Predicting conflict

As I’ve written and said before, even though I spend more time (right now) with religious and ethnic identity as predictors of conflict, resource scarcity is a bigger concern for me. Yesterday,
the Stockholm International Peace Research Institute (SIPRI) said as much by emphasizing in particular how a future scarcity of oil and gas could lead to conflicts in Africa.

“Although most states would regard actual armed conflict as an extreme measure, intra-state conflicts with an energy resource dimension are likely to occur, particularly in Africa,” the institute warned in its yearbook published on Monday. “The strategic importance of geographical areas with rich oil and gas reserves will certainly rise: not only the Middle East but also Africa, Central Asia, South America and Southeast Asia will be areas of potential conflict in the coming decades.”

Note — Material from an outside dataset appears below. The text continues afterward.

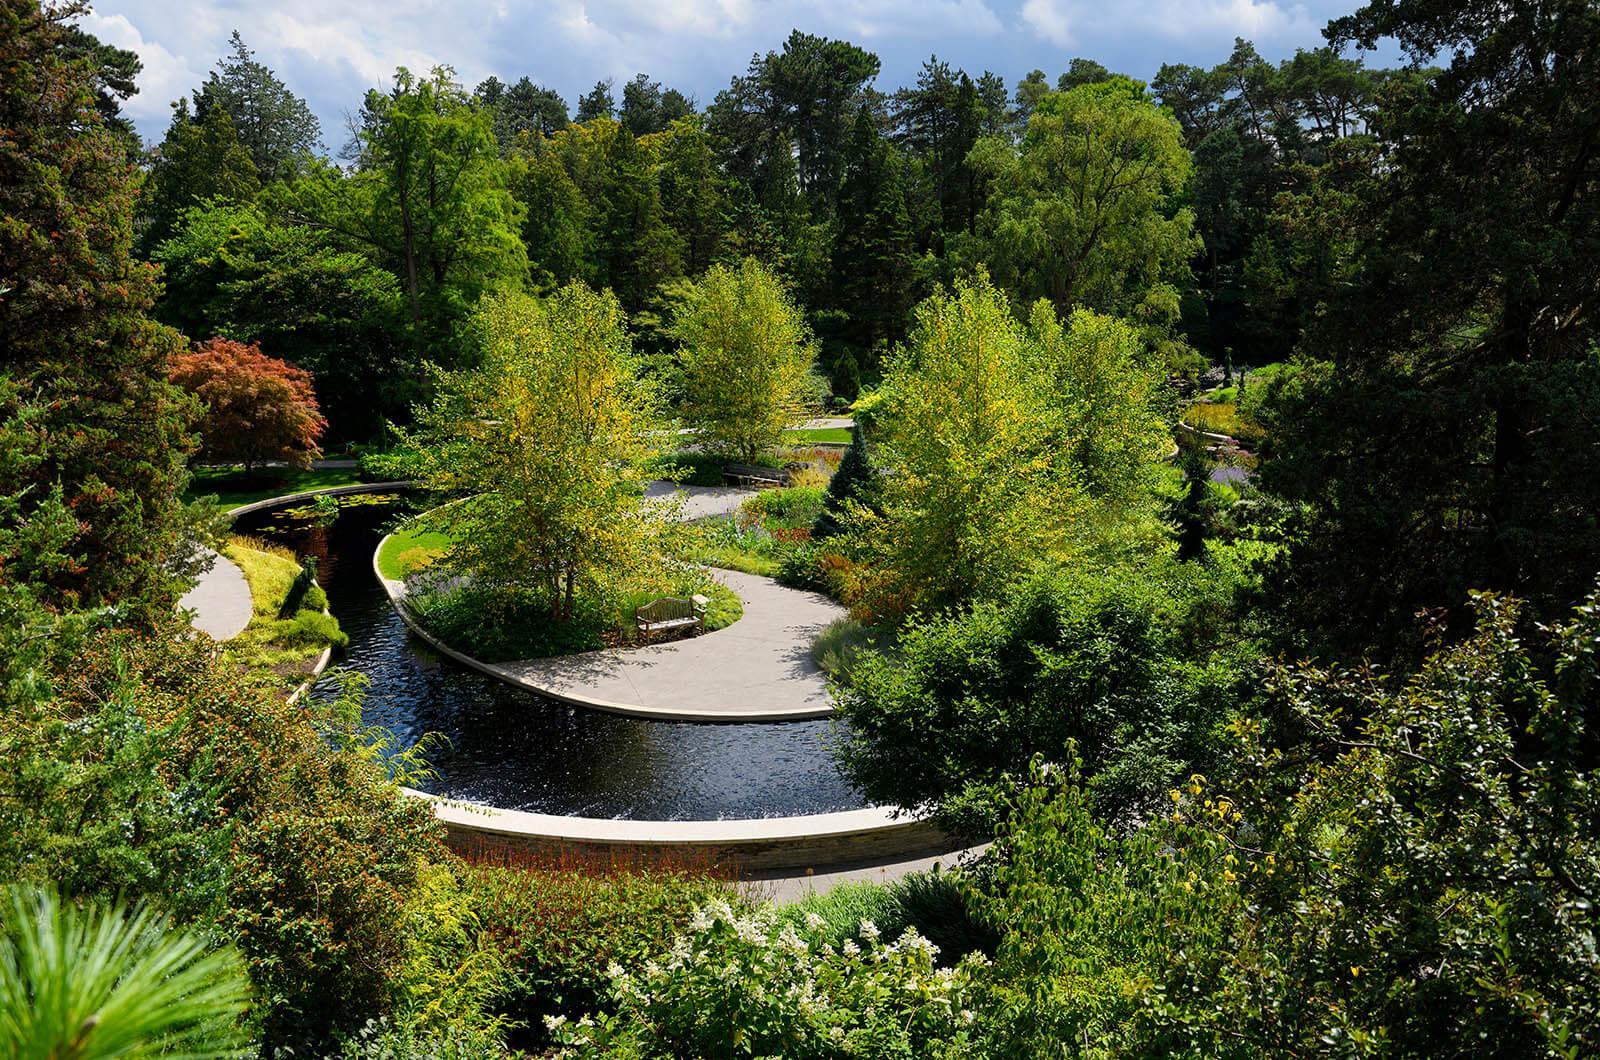 The Rock Garden at Royal Botanial Gardens in Burlington, Ont.

Energy security concerns were based on the rising global demand for energy, a tight oil market, high oil prices, rising import dependencies and the prospect of a future shortage of oil and gas. In the Middle East, “perhaps the most disturbing factor that may shape the future security dynamics of the region is the continuing expansion of Iran’s influence.” Iran could “at any moment” try to block the Strait of Hormuz, the world’s most important oil chokepoint where 17 million barrels of oil pass through each day, or about 20 percent of the global supply.

How can “we” (defined as whoever reads this) help forestall or even prevent wars based on resources scarcity?